Now that we have briefly reviewed the basics of linear algebra that we need, we can start implementing the neural network framework.
Single-Header Framework Setup
The framework implementation will follow the guidelines for stb-like C/C++ libraries. Such libraries should be single file and public domain. The main reason is to keep things simple and easy to follow/implement.

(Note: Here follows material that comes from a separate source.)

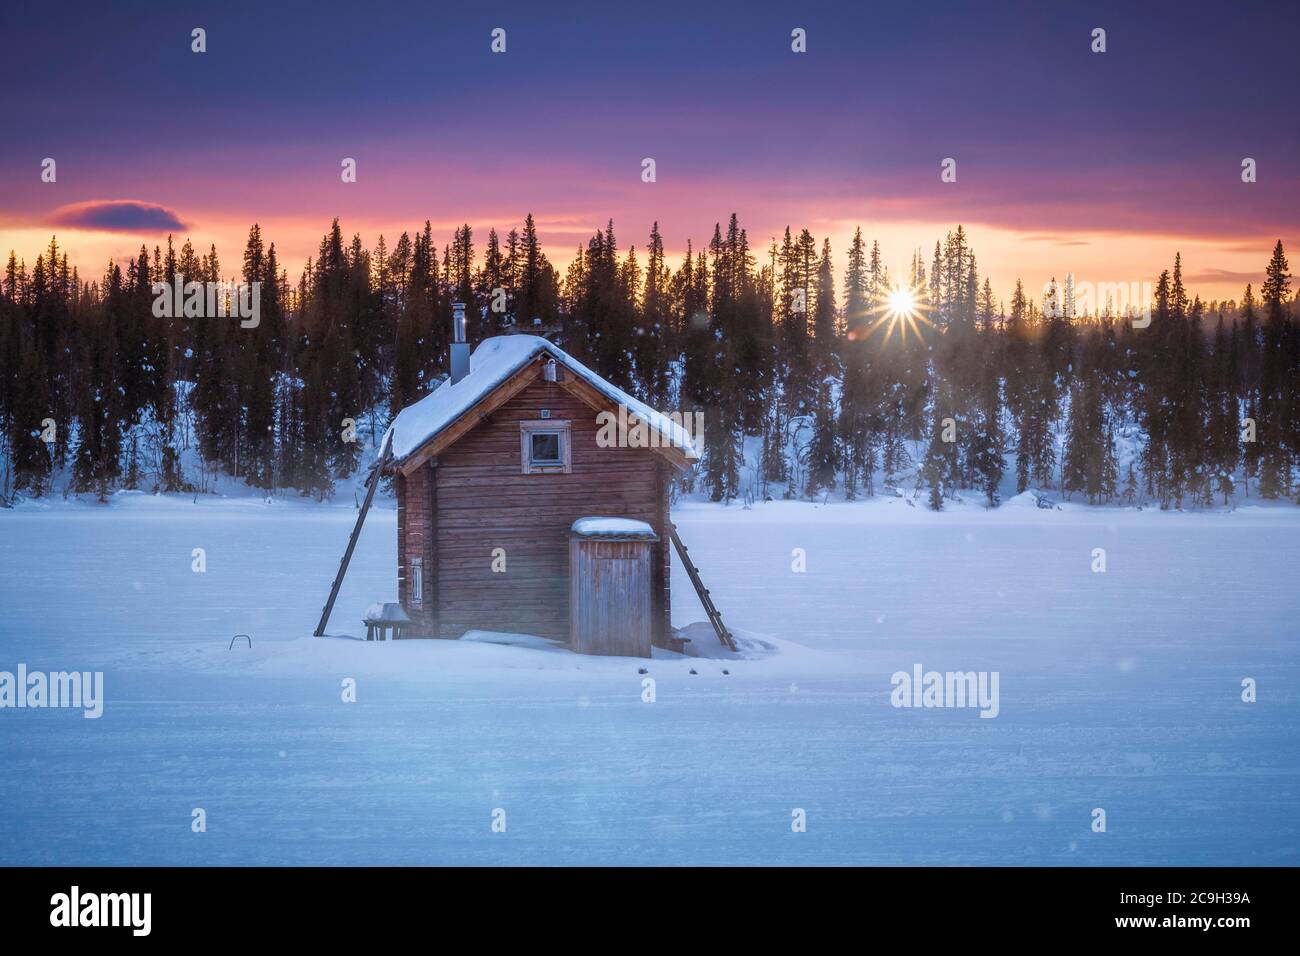 Petite hutte en bois contre la lumière à des températures extrêmement basses à l'aube, Skaulo, Norrbotten laen, Suède Banque D'Images

So let’s start by creating the header file: nn.h, and let’s write the first few lines of code:
#ifndef NN_H
#define NN_H
// Declarations
#endif // NN_H
#ifdef NN_IMPLEMENTATION
// Definitions
#endif // NN_IMPLEMENTATIONThe cool thing about stb libraries is that they can act as both headers and implementations. But how do we use them? It’s very simple, we just write a nn.c file like this:
#define NN_IMPLEMENTATION
#include "nn.h"
int main(void) {
return 0;
}By defining the macro NN_IMPLEMENTATION we make sure that all the definitions are included as well.
Building the Framework
Now that we know what kind of algebraic operations we need to code, and where to code them, it’s a good time to start developing the framework itself! We will start by defining the matrix data structure, which will represent the matrices we saw earlier, and then the operations we need.
Matrix Definition
Since we want to be able to deal with arbitrarily large matrices, we need to define the matrix in a slightly different way than usual. Moreover, we can start adding some utility functions we will for sure need eventually.
#ifndef NN_H
#define NN_H
#include <stddef.h>
typedef struct {
size_t rows;
size_t cols;
float *data;
} Matrix;
Matrix mat_alloc(size_t rows, size_t cols);
void mat_print(Matrix m);
float rand_float(void);
void mat_rand(Matrix m, float min, float max);
void mat_fill(Matrix m, float val);
#endif // NN_HWe define the size and point to the memory location from which we want to retrieve data. So, for example, we can do something like:
float data[] = {1, 2, 3, 4, 5, 6};
Matrix m = {2, 3, data};Moreover, we declared a specific function called mat_alloc whose scope is to safely allocate and initialize the matrix data structure. The implementation is the following:
Matrix mat_alloc(size_t rows, size_t cols)
{
Matrix m;
m.rows = rows;
m.cols = cols;
m.data = malloc(rows * cols * sizeof(*m.data));
assert(m.data != NULL);
return m;
}Assuring that we have correctly reserved enough space for the data in the matrix (with assert) may be particularly useful when dealing with large amounts of data, which we will eventually do.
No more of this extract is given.